(Beginning of Materials provided)

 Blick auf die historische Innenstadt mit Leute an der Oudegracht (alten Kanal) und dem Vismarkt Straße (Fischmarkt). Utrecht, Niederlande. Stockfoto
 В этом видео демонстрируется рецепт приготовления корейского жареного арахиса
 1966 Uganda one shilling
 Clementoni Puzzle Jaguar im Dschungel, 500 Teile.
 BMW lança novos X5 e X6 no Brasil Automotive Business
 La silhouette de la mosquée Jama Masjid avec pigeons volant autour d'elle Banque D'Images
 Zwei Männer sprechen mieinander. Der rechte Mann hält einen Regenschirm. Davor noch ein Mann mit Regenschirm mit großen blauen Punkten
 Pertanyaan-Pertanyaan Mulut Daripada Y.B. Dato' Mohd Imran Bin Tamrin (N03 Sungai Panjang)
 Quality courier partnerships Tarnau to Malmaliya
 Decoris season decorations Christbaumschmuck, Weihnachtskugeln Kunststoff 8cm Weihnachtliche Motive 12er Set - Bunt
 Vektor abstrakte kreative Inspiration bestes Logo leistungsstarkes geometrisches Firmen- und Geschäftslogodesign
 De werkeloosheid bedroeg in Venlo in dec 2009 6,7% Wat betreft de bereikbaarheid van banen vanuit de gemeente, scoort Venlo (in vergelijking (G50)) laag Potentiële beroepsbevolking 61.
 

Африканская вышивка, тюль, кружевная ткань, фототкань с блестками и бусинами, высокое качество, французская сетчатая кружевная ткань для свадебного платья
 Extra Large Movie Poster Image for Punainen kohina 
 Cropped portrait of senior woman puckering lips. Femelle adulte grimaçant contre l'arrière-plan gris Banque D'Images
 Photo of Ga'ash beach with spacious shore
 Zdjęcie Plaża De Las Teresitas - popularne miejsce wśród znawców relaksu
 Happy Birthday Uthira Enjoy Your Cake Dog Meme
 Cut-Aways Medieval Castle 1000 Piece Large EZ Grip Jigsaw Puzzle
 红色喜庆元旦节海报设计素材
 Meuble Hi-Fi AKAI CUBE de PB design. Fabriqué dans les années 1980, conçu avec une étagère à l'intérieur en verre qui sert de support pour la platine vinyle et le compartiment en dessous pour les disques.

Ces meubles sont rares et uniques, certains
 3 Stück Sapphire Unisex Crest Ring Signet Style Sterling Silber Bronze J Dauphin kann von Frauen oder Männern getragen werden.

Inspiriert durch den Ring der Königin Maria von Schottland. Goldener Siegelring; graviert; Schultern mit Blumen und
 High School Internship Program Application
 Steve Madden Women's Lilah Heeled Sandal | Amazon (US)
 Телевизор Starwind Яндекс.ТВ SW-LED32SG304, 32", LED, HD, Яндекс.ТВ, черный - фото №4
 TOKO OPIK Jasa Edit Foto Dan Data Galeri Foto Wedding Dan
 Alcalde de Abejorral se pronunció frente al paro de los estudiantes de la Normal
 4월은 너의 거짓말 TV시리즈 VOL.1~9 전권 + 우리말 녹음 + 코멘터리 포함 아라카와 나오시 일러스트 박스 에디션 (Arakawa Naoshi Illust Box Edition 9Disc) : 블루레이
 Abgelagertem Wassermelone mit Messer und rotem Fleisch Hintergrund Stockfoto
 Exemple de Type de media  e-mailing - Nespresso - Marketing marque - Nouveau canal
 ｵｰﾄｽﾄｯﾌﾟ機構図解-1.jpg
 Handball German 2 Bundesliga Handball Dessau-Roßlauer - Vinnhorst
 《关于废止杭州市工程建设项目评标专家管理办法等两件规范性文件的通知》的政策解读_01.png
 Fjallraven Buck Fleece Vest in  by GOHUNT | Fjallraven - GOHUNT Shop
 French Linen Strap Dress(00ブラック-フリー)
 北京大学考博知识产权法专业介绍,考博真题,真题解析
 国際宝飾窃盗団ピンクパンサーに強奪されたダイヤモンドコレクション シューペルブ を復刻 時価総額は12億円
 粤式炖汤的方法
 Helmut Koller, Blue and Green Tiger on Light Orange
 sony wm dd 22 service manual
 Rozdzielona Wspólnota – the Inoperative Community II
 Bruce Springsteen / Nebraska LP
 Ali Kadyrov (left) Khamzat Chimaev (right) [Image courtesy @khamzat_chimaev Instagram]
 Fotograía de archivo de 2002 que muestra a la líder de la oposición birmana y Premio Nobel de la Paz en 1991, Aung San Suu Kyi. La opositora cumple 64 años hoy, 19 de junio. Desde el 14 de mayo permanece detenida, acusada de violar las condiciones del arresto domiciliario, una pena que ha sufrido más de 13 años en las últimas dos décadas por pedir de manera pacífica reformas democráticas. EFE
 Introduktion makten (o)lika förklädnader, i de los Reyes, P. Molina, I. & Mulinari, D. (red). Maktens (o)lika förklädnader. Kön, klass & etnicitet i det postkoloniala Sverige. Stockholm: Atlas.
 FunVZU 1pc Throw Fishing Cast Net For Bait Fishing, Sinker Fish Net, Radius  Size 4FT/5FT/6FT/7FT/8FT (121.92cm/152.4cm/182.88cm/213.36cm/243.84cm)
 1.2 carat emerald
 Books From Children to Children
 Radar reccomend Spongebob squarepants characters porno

(End of Materials provided)

What the exercise asks -
Spot the lines above that mention "avec" and copy them.

Task answer -
 La silhouette de la mosquée Jama Masjid avec pigeons volant autour d'elle Banque D'Images
 Meuble Hi-Fi AKAI CUBE de PB design. Fabriqué dans les années 1980, conçu avec une étagère à l'intérieur en verre qui sert de support pour la platine vinyle et le compartiment en dessous pour les disques.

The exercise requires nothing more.